Diaro querido, quisiera saberme capaz de decirle a ciertas personas “te quiero un chingo” en tono honesto sin ahogarme previamente, sin sentir remordimientos por haber elegido las palabras incorrectas y saber encontrar el momento preciso donde su significado sería entendido y apreciado. Eso es mucho más difícil ahora que dos cervezas se me suben, sabes? Mucho más cuando estoy rodeada de mis cómplices, entre música ruidosa, con el celular en la mano.
A veces me siento media omnipotente cuando sé que tengo saldo suficiente para sacar de mi ronco pecho una de esas confesiones muchas veces indeseables. Lamentablemente no soy inmune a las consecuencias y el probable daño que causo en los demás cuando las leen/escuchan de mí, a las 3 am.

Creo que comenzaré mi terapia; dejaré mi teléfono bajo el sillón cada que me dirija a la puerta principal con intenciones de cruzarla, sean más de las 11 de la noche o la actividad a realizar tenga que ver con alcohol en cualquier cantidad.
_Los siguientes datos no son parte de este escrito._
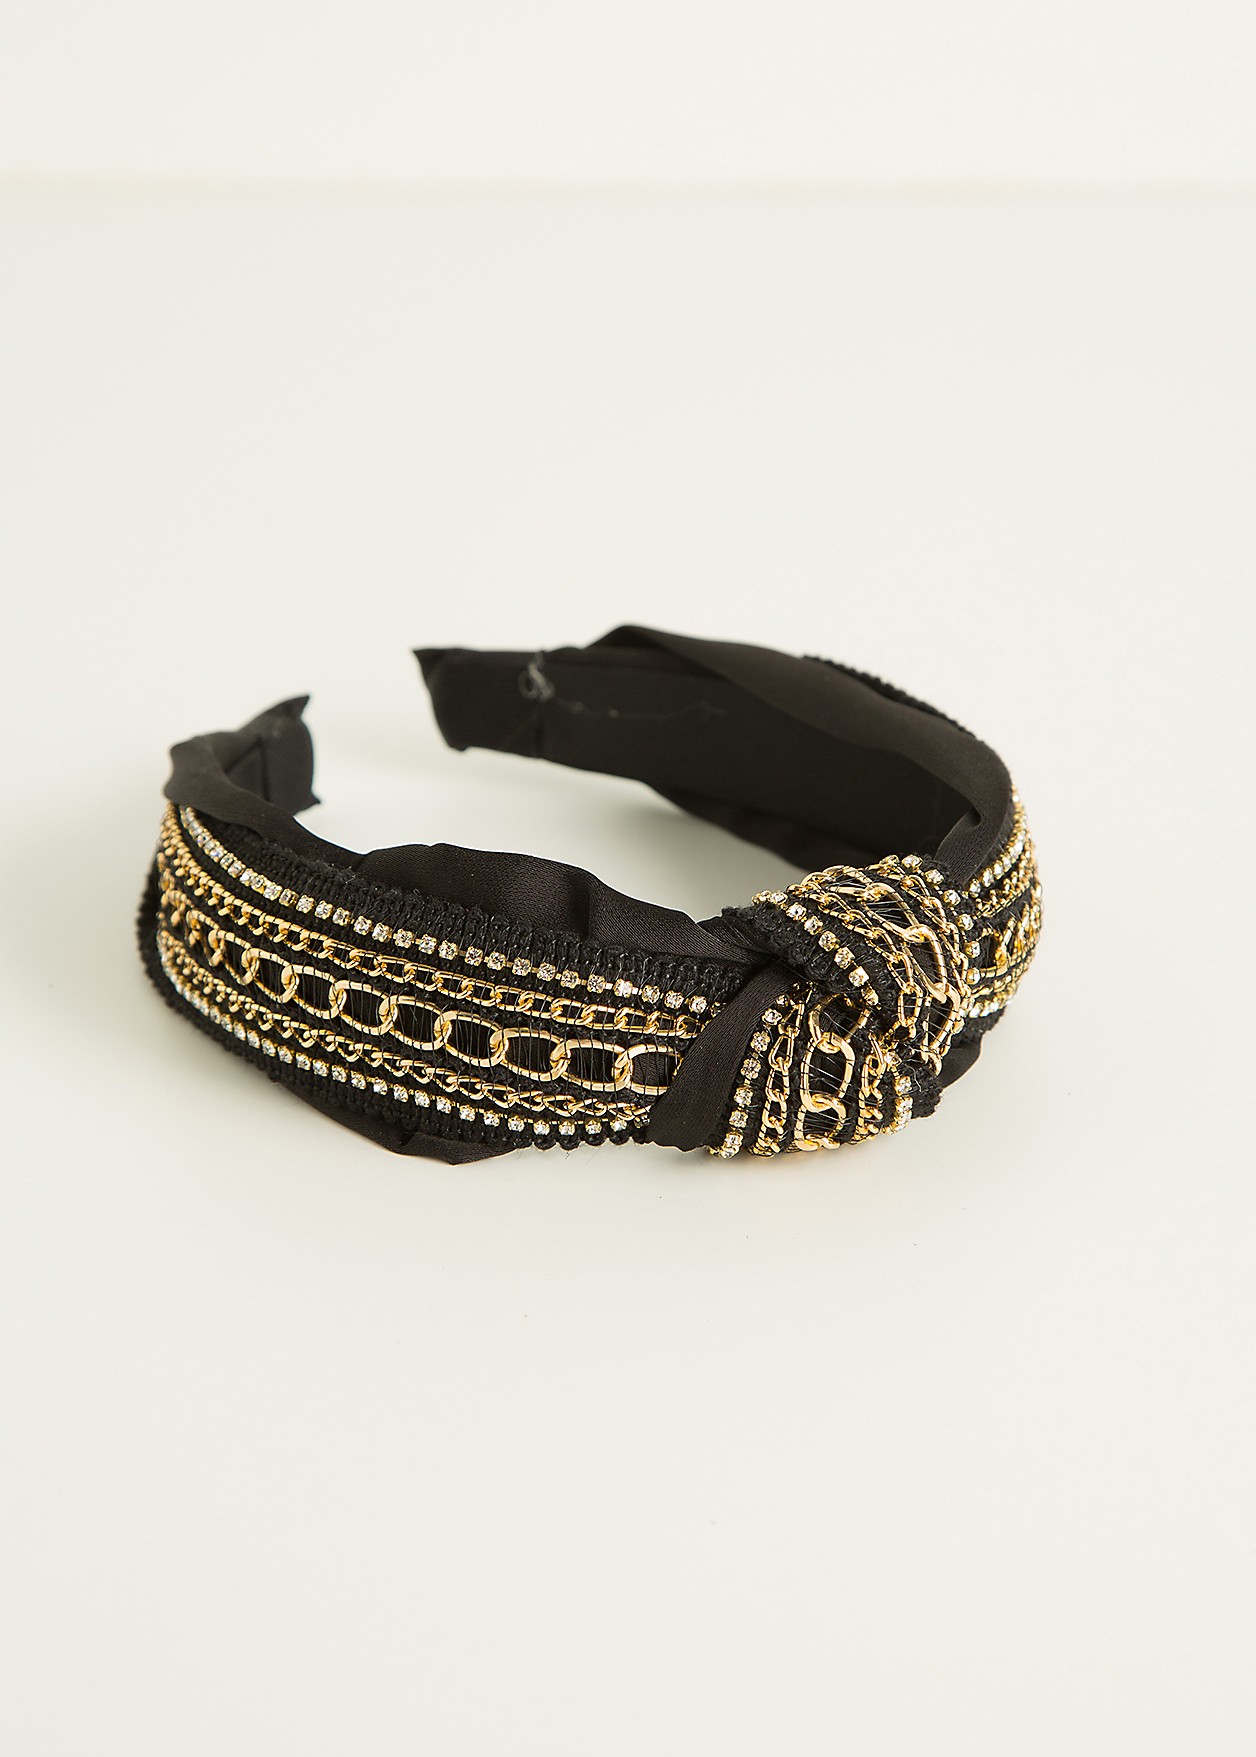 Headband with golden decorative details

Por otro lado, sé que tod@s ell@s extrañarán recibir esos extraños mensajes/llamadas en los que, muy probablemente, están todas las explicaciones a las preguntas que alguna vez me/se hicieron. La verdad cuesta y ni mi hígado ni mi conciencia están dispuestos a morir en el intento de comunicarla. He dicho.

La última y nos vamos:
Sé que me estás leyendo. Sé que sabes todo lo que escribo de ti. Sé que te da miedo. Sé que es difícil. Sé que también me quieres y eso me es suficiente. Sí, estoy sobria.